In the wake of recent events, I tried to find out how many moderators are left on one of the SE sites I frequent. On the "moderators" page, I found the following text:
We believe moderation starts with the community itself, so in addition to privileges earned through reputation, we periodically hold democratic moderator elections.
If you follow the link, you will find sentences like these:
As we’ve said from the very first days of the Stack Overflow beta:
We don’t run Stack Overflow. You do.
Every site under our banner has the same philosophy. The community is the source of everything useful that happens to exist on our websites. We gladly reciprocate by trusting you to lead and govern your own community. Democratically elected community moderators are the ultimate goal of, and foundation for, every site in our network.
Emphasis is not mine, but Jeff Atwood's, the author.

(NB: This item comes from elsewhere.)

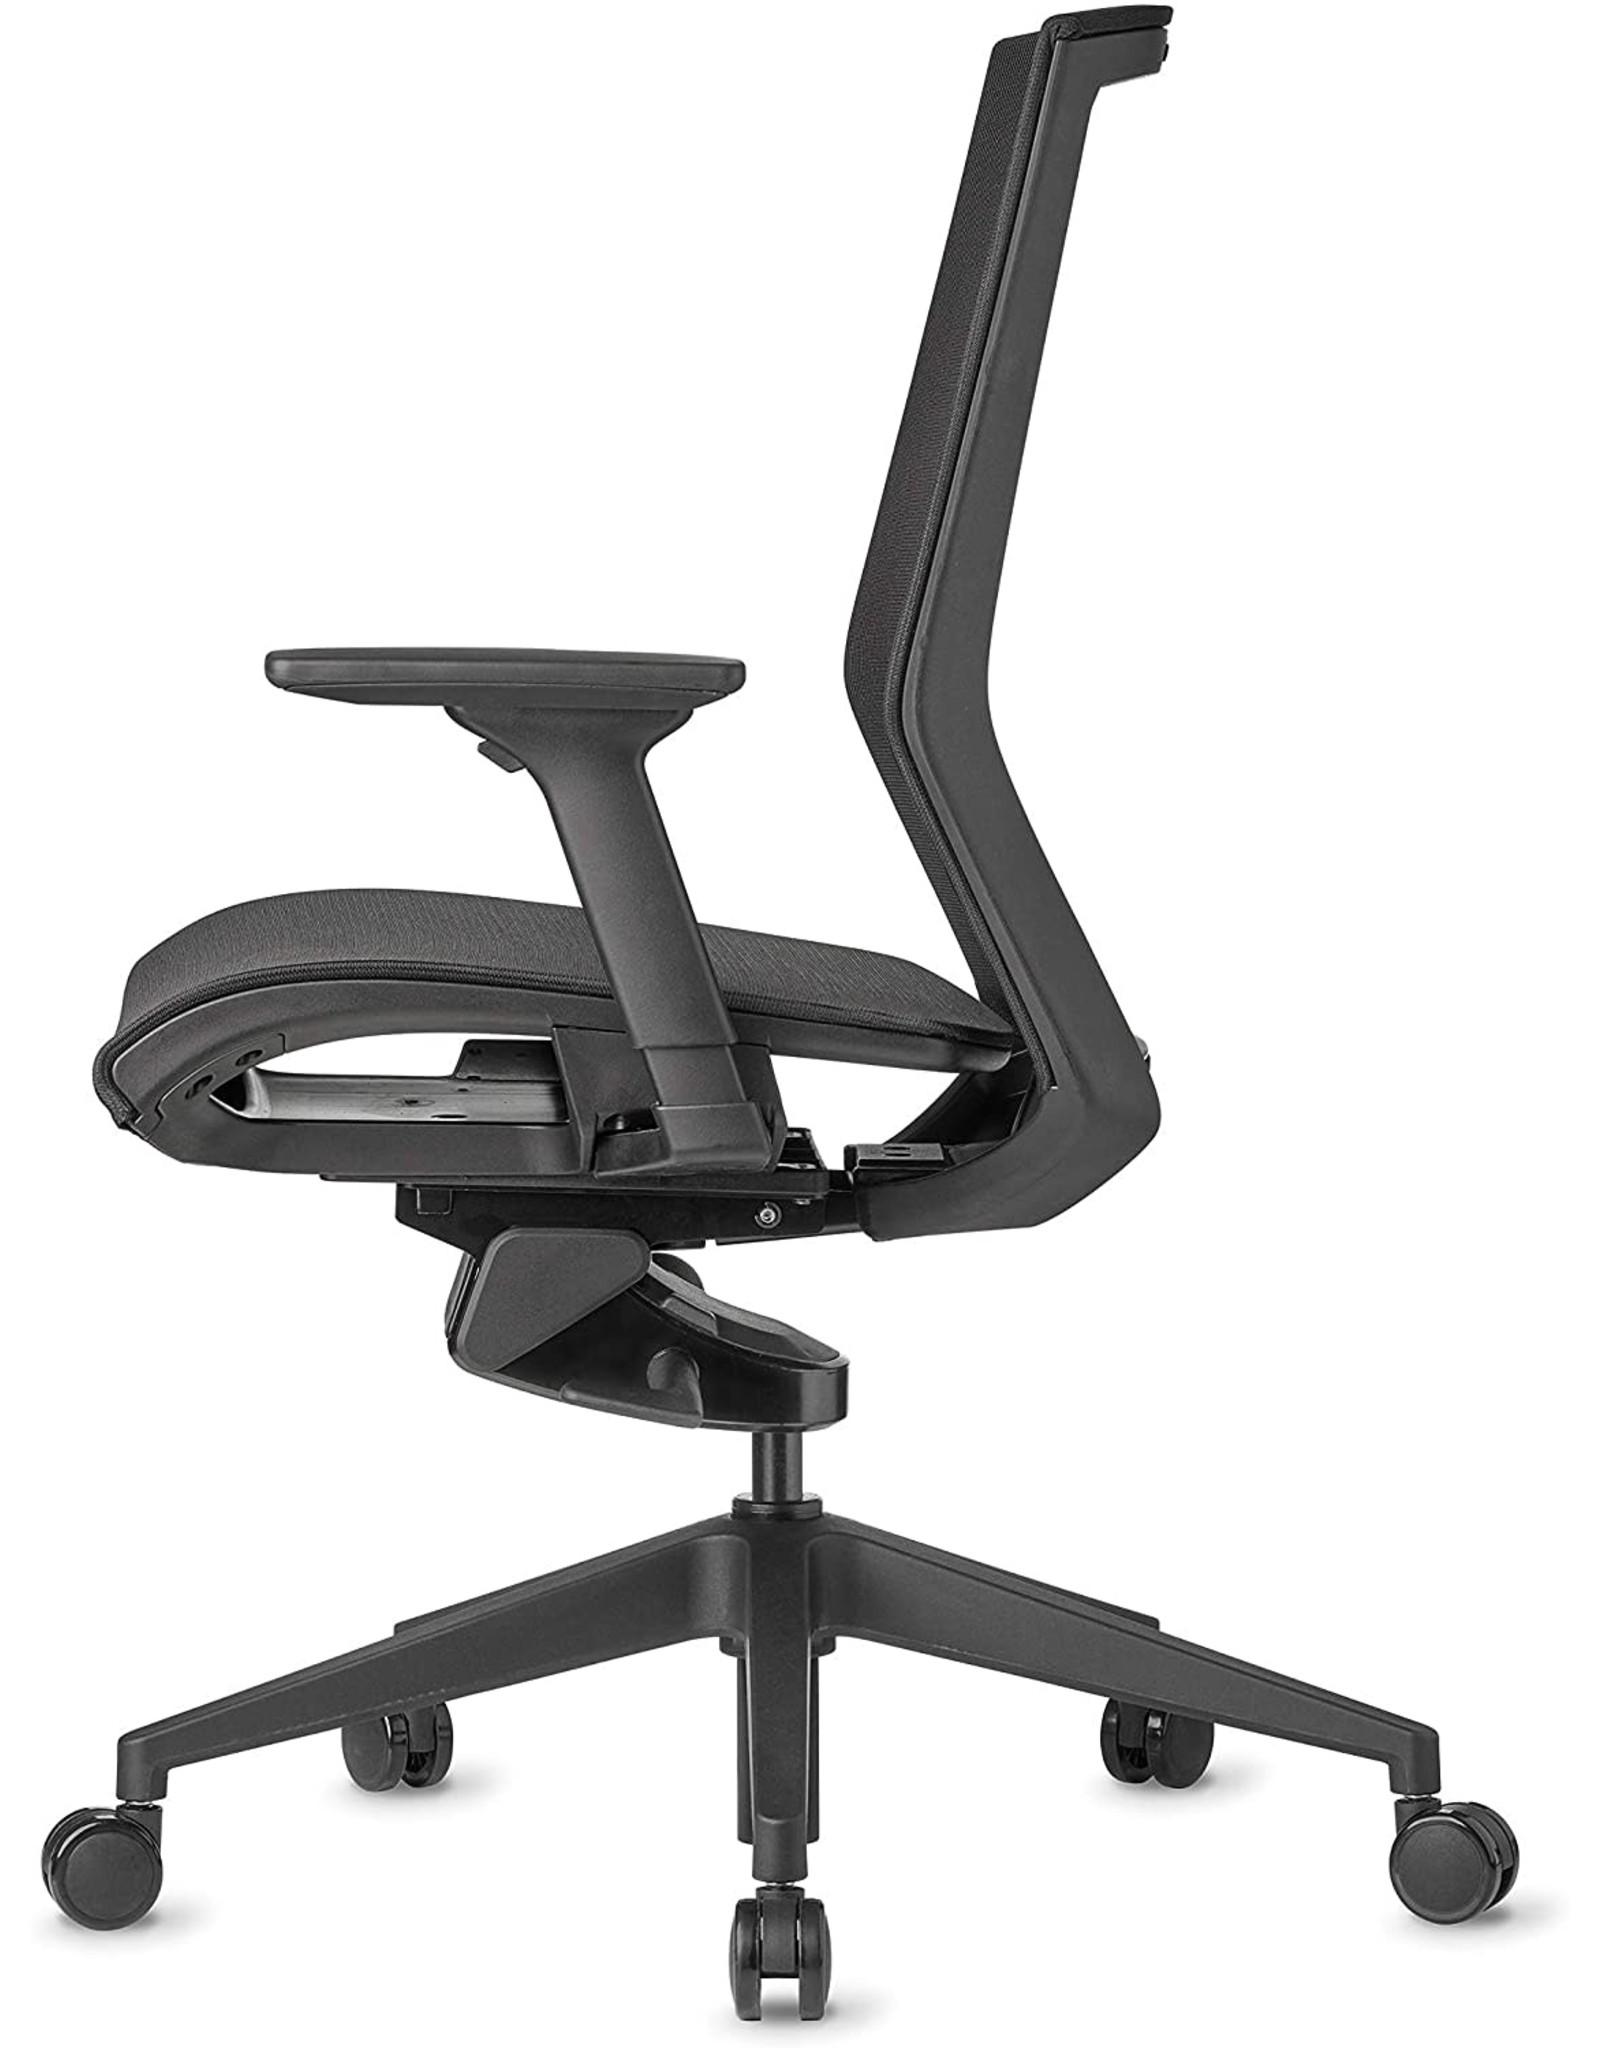 AMQ AMQ ZILO Ergonomic Office Chair, Black/Mesh Seat

I have no doubt that the moderator fired last week for reasons not published would immediately be re-elected by their "populace" in the next election, probably in a landslide against whoever is desperate enough to go on the ballot against them, because we as voters have no indication whatsoever of any wrongdoing on their part and we have no problem with their moderation of our community.
So I will take a guess and say SE will find a way to tell us that we missed the part of the policy that tells us we cannot re-elect them. And I get it. They have the power, it's not a democracy, it's a corporation. Removing people does not make sense if they could be reinstated again, just because people like them and voted for them.
So my question is, how is it "democratic" to filter the list of candidates I can vote for with criteria I have no access to? Last time this happened on German soil, it was called the "German Democratic Republic". You can probably guess what it was not. Pick two.
How can I make an informed decision, when I'm not allowed to view the information?
The "party line" (I leave it to the informed reader to figure out if it's SE or SED) is:
This is always done based on what we believe is best for all [...].
Yeah. Well. Problem is, if you want to call it democratic, you'd need to leave that decision to the "all".
So how much of the "democratic" will we see in reality and how much will be PR?